Because of this concept of lifetimes, note that it is possible to have immutable references to a mutable reference, so long as their lifetimes do not overlap. Consider the following example.

Example: Lifetimes of References (2)

Consider the following program

fn main() {
   let mut a = String::from("hello");
   {
        let c = &a;
        let d = &a;
        println!("{} and {} are the same", c, d);
   }
   println!("a is {}", a);
}

Even though c and d are immutable references to mutable reference a, the code is valid, as a does not need to be valid at the same time c and d are! Thus, their lifetimes do not overlap.

While Rust is typically pretty good at inferring the correct lifetimes during compilation, in some cases we need to tell it what we’re expecting. To do this, we use lifetime annotations, which follow the format

&'[name] x

Typically, we use lowercase characters (a, b, ...) to denote lifetimes.

Annotations do not change any lifetimes - rather, they tell the rust compiler what we are expecting!

This becomes particularly important in some particular use-cases for references:

1. Returning references from functions
2. Creating structs with references

As the former is much more common, we focus on using references in functions below.

References in Functions §

When writing functions, Rust will automatically attempt to infer the lifetimes of references, using rules known as lifetime elisions. This is mainly done for convenience, and in these cases, we don’t need to specify any explicit lifetimes. These rules are given as follows.

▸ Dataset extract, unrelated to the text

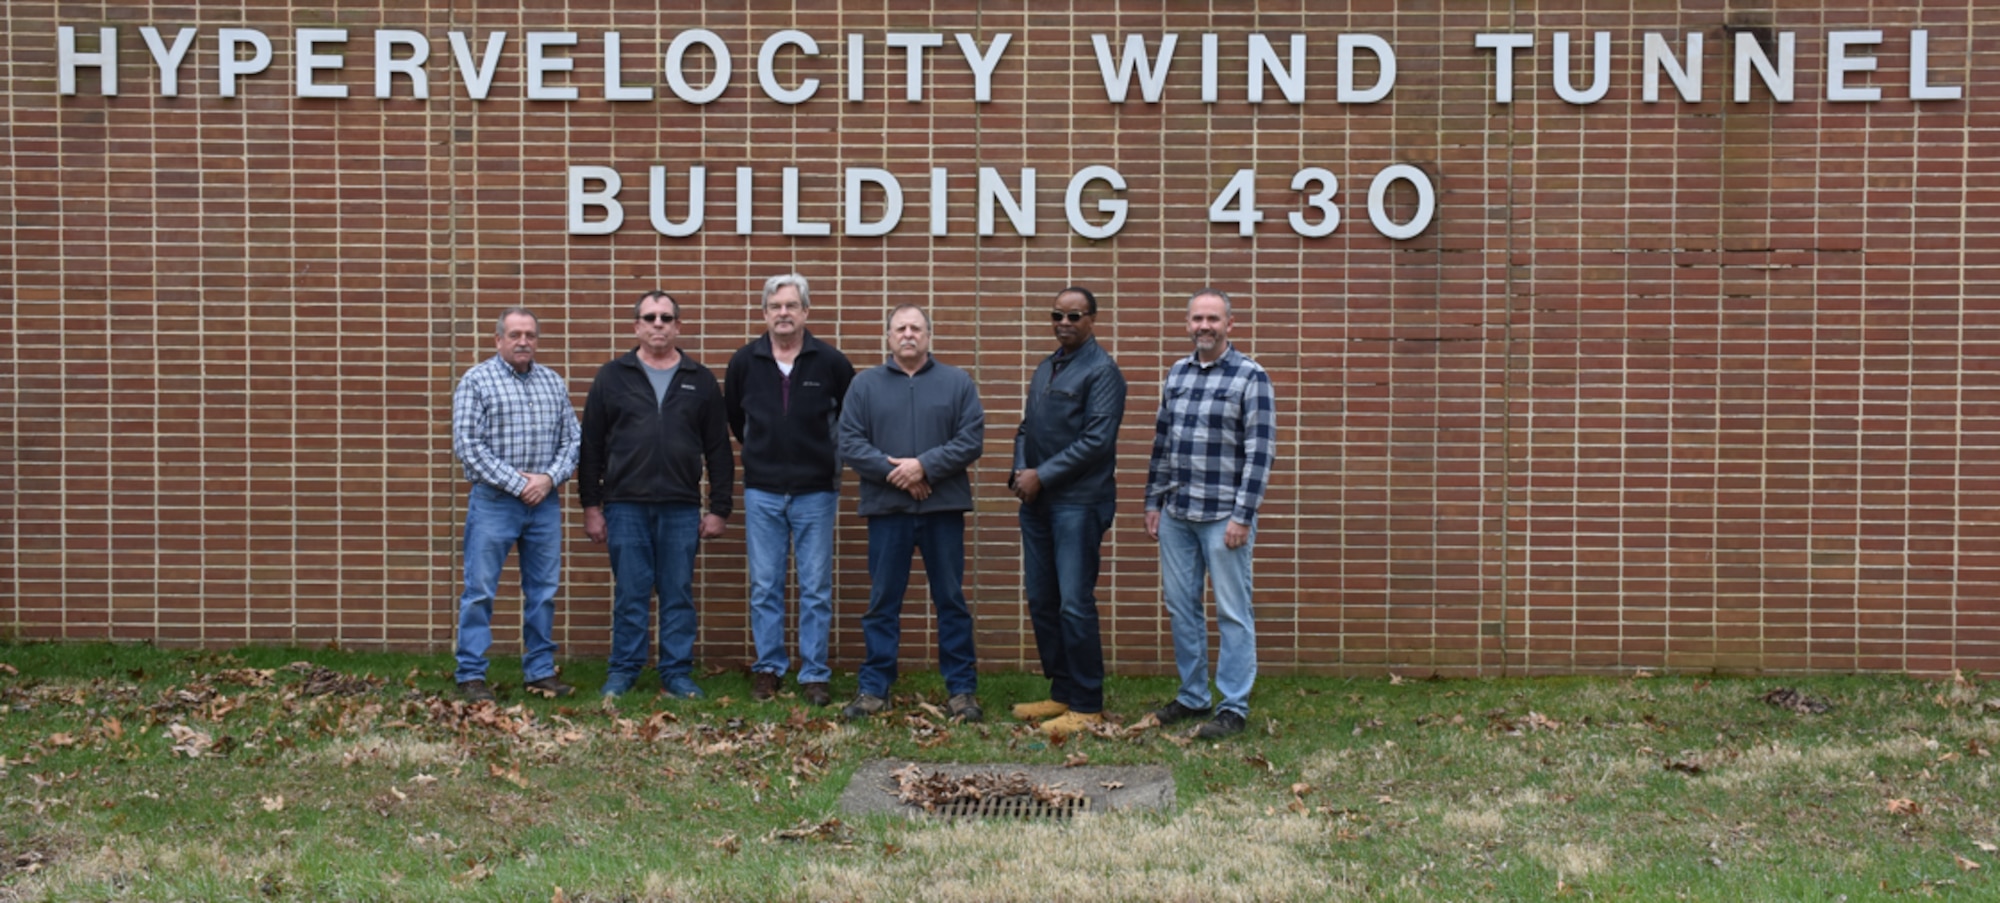 The White Oak Rescue Team (WORT) was established in the late 1990s at Arnold Engineering Development Complex Hypervelocity Wind Tunnel 9 in White Oak, Maryland, to provide immediate lifesaving actions in the event of an emergency until county emergency responders arrive onsite. Pictured are members of the original WORT who are still employed at Tunnel 9. From left are Terry Mullin, William Betz, Raymond Schlegel, Chester DiBenedetto, Arnold Collier and AEDC White Oak Site Director Joe Coblish. (U.S. Air Force photo by Addison Spicer)

1. If the output does not contain a reference, then for every input reference (to a function), Rust will assume that the references could have different lifetimes.

   // rust assumes the following:
   fn example<'a,'b>(x:&'a str, y:&'b i32) -> i32 {
      // ...
   }

2. If the output contains a reference, and there is only 1 input reference, then the lifetime of the return value is the same as the input.

   // rust assumes the following:
   fn example<'a>(x:&'a str) -> &'a str {
      // ...
   }

3. If the output contains a reference, and there is more than 1 input reference, but one of them is &self (or &mut self), then the return value has the same lifetime as self.

   // rust assumes the following:
   fn example<'a,'b,'c>(&'a self, x:'b i32, y:&'c str) -> &'a str {
      // ...
   }

In the case that none of the 3 rules match, however, we’ll have to explicitly provide the lifetime annotations ourselves, to tell Rust about the lifetime of the output reference.

Note: Criteria for Explicit Lifetime Annotation

Note that by these elision rules, it’s only necessary to add explicit lifetimes for functions that meet the following:

• The function returns a reference type (fails to match rule 1)
• The function has multiple input references (fails to match rule 2)
• The function is not an object method (fails to match rule 3)

If any of these 3 cases are not met, then explicit annotation of lifetimes is unnecessary!

These annotations tell the compiler how long we expect the reference output should be able to live, relative to its input parameters. This way, we avoid any future cases of invalid reference usage.

To annotate lifetimes, we’ll also need to include the < > notation after the function name, to tell it the various distinct lifetimes that exist in the function. Consider the following examples.

Example: Explicit Lifetime Annotations

// The output should live at least as long as x exists
fn function<'a, 'b>(x: &'a str, y: &'b str) -> &'a str {}
 
// The output should live at least as long as both x and y exist
fn function<'a>(x: &'a str, y: 'a str) -> &'a str {}